[FFmpeg-trac] #6975(ffplay:closed): Recent change to sync video output to screen refresh conflicts with -noframedrop

FFmpeg trac at avcodec.org
Tue Jan 23 09:34:02 EET 2018

#6975: Recent change to sync video output to screen refresh conflicts with
             Reporter:  Misaki      |                    Owner:
                 Type:  defect      |                   Status:  closed
             Priority:  normal      |                Component:  ffplay
              Version:  git-master  |               Resolution:  invalid
             Keywords:              |               Blocked By:
             Blocking:              |  Reproduced by developer:  0
Analyzed by developer:  0           |

Comment (by Misaki):

 Another update to this closed ticket that, like probably every other issue
 I've reported that wasn't already fixed (manual page was already fixed),
 won't get fixed!

 Setting vblank_mode=0 does not entirely fix everything. I still can't play
 1080p 60fps video in realtime, with -noframedrop.

 Why this won't get fixed:
 1) It only affects video playback at some border of performance. People
 with recent computers might be able to play 3840x2160 video at 60 fps
 without running into whatever issue I have.
 2) It only affects -noframedrop, which is not the default.

 A random, existing 1080p, 60fps h.264 video with High profile at 3200 kb/s
 performs slightly better than a completely black video at 28 kb/s.

 The random high bitrate video took 11.15 seconds to play with option '-t
 10', ending with A-V at 0.53. User CPU of 9.7 seconds, system CPU 2.3.
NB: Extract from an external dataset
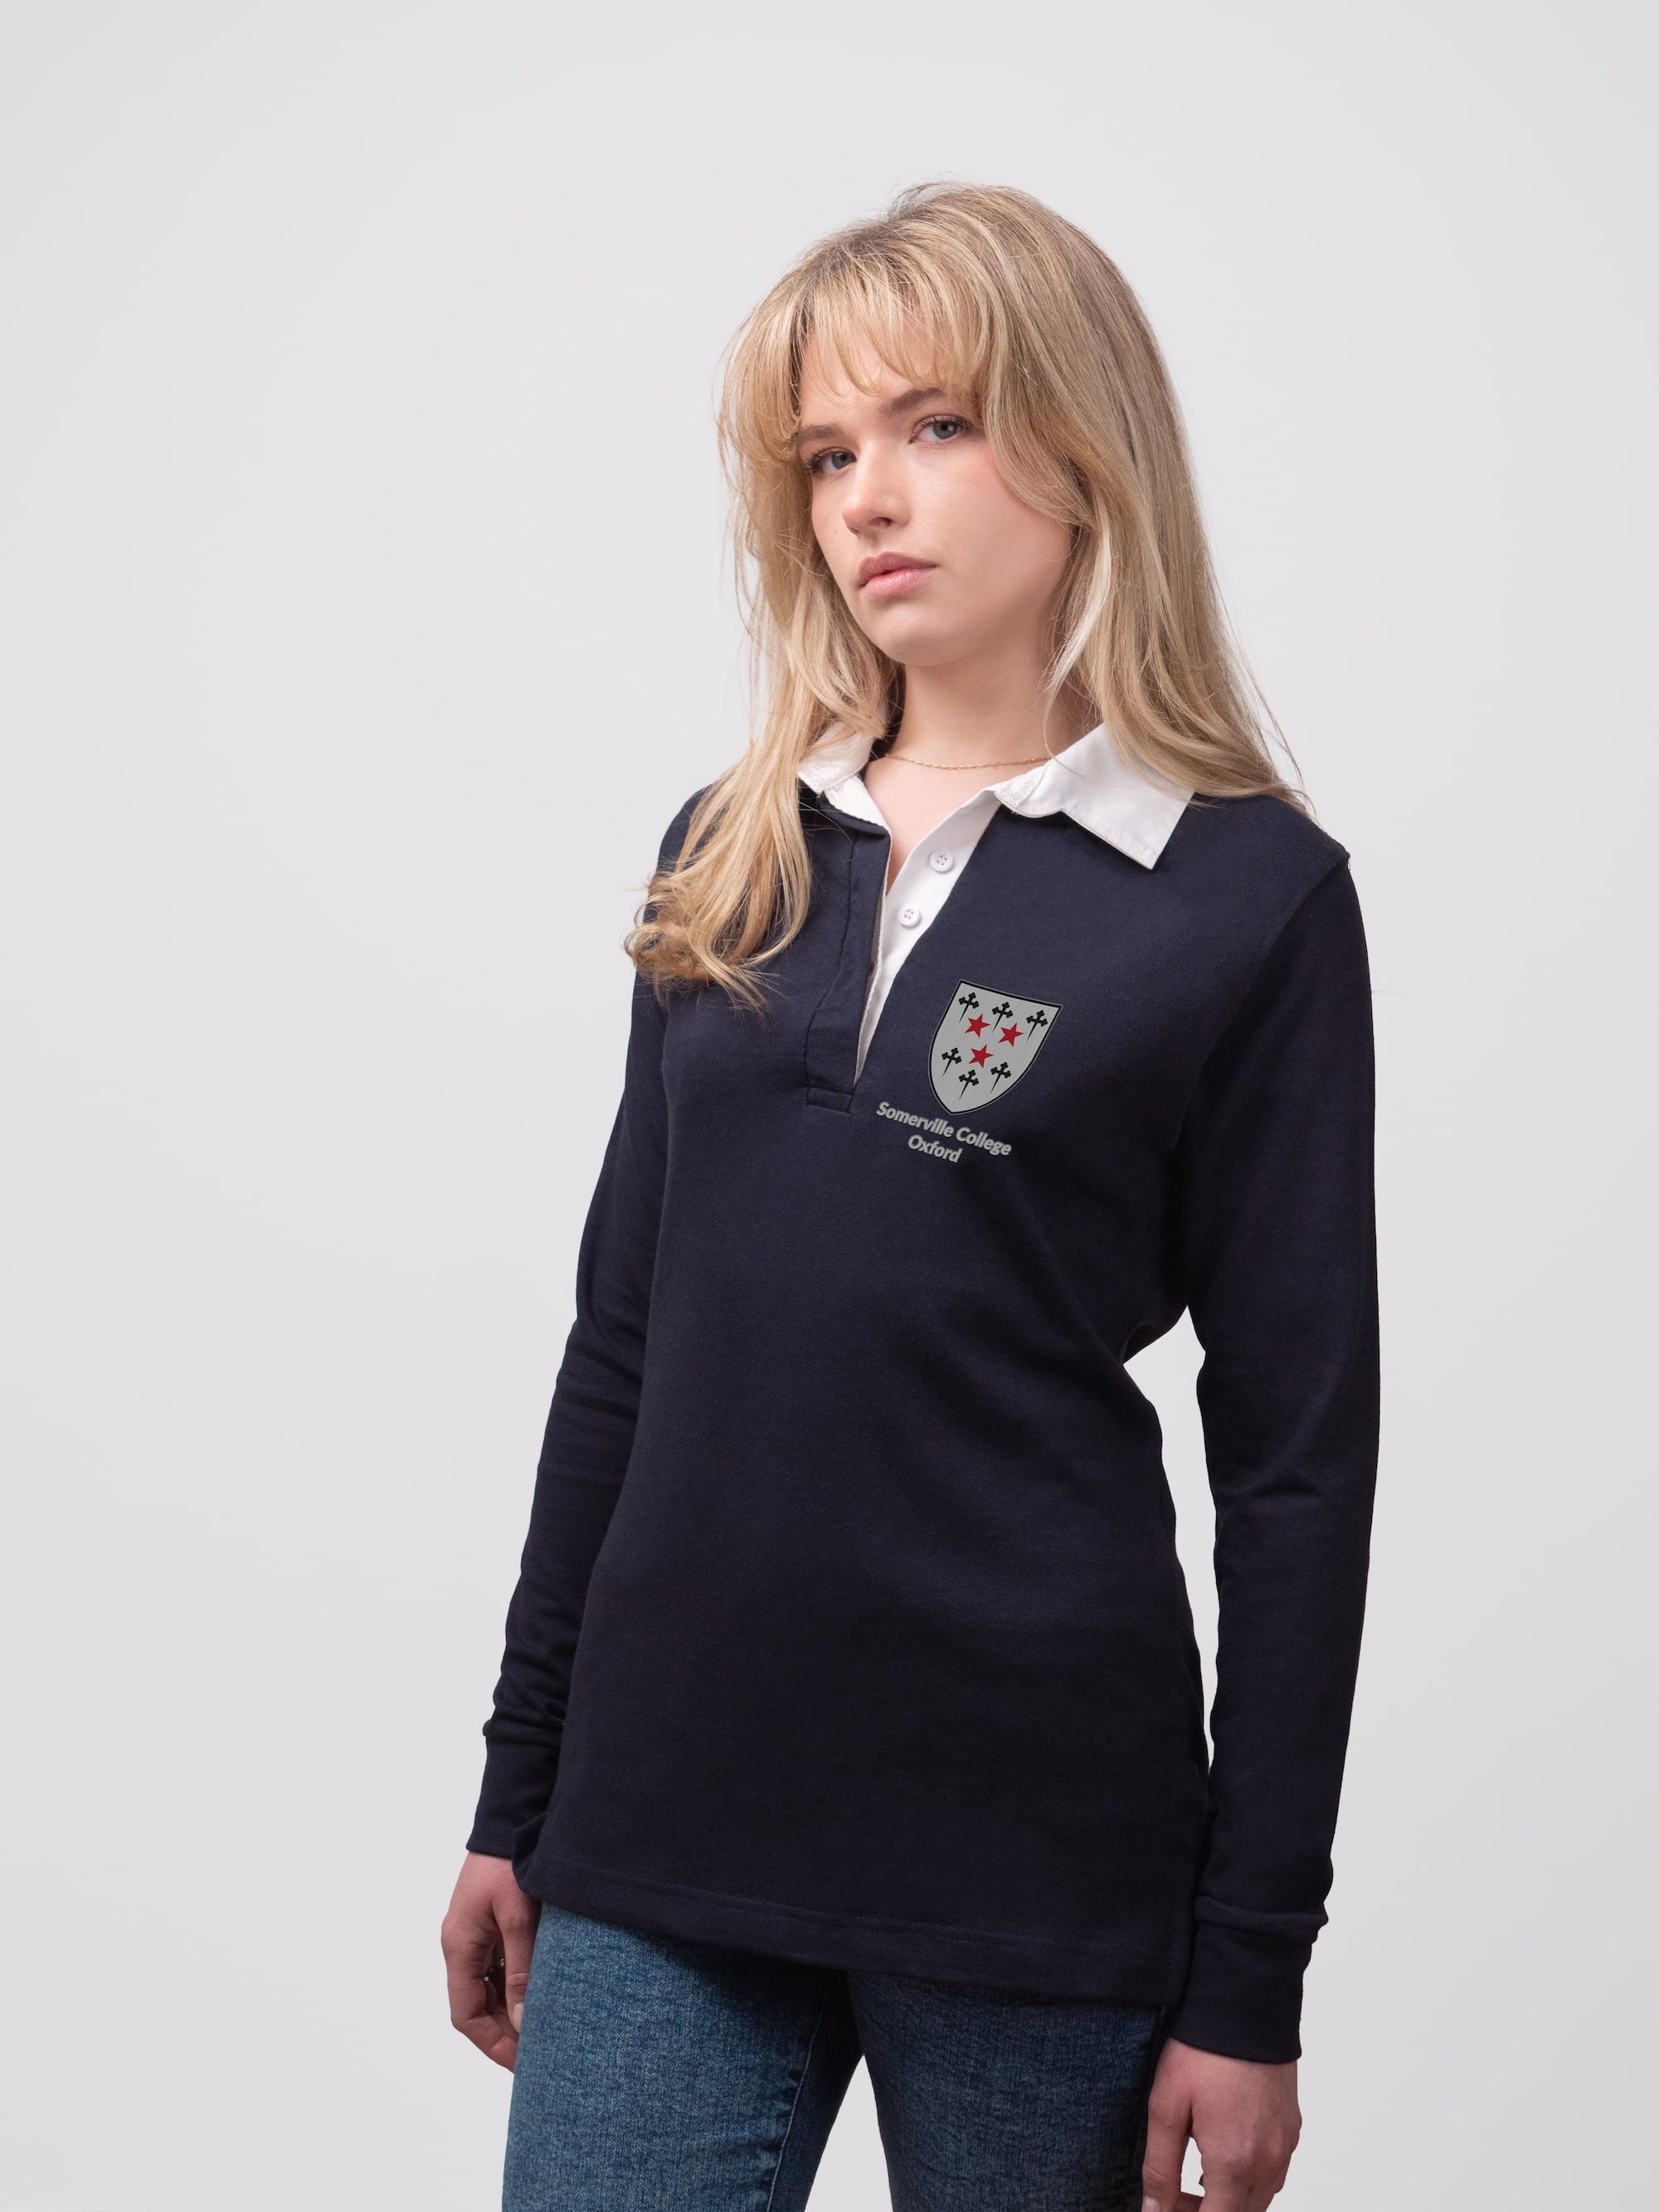 Student wearing a navy Somerville College rugby shirt with embroidered crest

 The black video took 11.50 seconds to run, ending with M-V at 1.0, user
 CPU 6.2, sys 2.3.

 When tested again with CPUs at performance setting = locked to highest
 frequency, the high bitrate video was still ahead at 10.88 vs 11.08
 seconds, with A-V at 0.285 vs 0.635 for the black video. Black video user
 CPU down to 4.95.

 In this case, the CPU can't be the limiting factor. It doesn't even
 saturate one CPU core.

 Tested 3840x2160p video at 15 fps. This ran without the slowdown. The
 pixels per second is the same as the 1920x1080p 60fps video.

 3840x2160p at 30fps does have slowdown. With CPUs locked to high
 10.76 M-V:  0.813 fd=   0 aq=    0KB vq=    0KB sq=    0B f=0/0

 real    0m11.339s
 user    0m10.104s
 sys     0m3.948s

 Completely black VP9 video at 1920x1080p 60 fps decodes slightly easier,
 with user=4.4 and sys=2.1, but is still delayed ending at M-V=0.356 in
 10.8 seconds.

 All the above results are with vblank_mode=0.

 Tested mpeg1video, mpeg2video, ffv1, and mpeg4. All of them had slowdown.
 mpeg4 was the fastest with only 0.08 seconds late after 10 seconds. For
 those tested, not setting vblank_mode=0 mode the slowdown worse; for
 mpeg4, M-V only went up to 0.238. (Also, all of these codecs had bitrate
 of 700~1500 kbps for completely black video.)

 There does seem to be something significant about the framerate, with the
 difference in 2160p ('4K') at 15 fps vs 1080p at 60 fps.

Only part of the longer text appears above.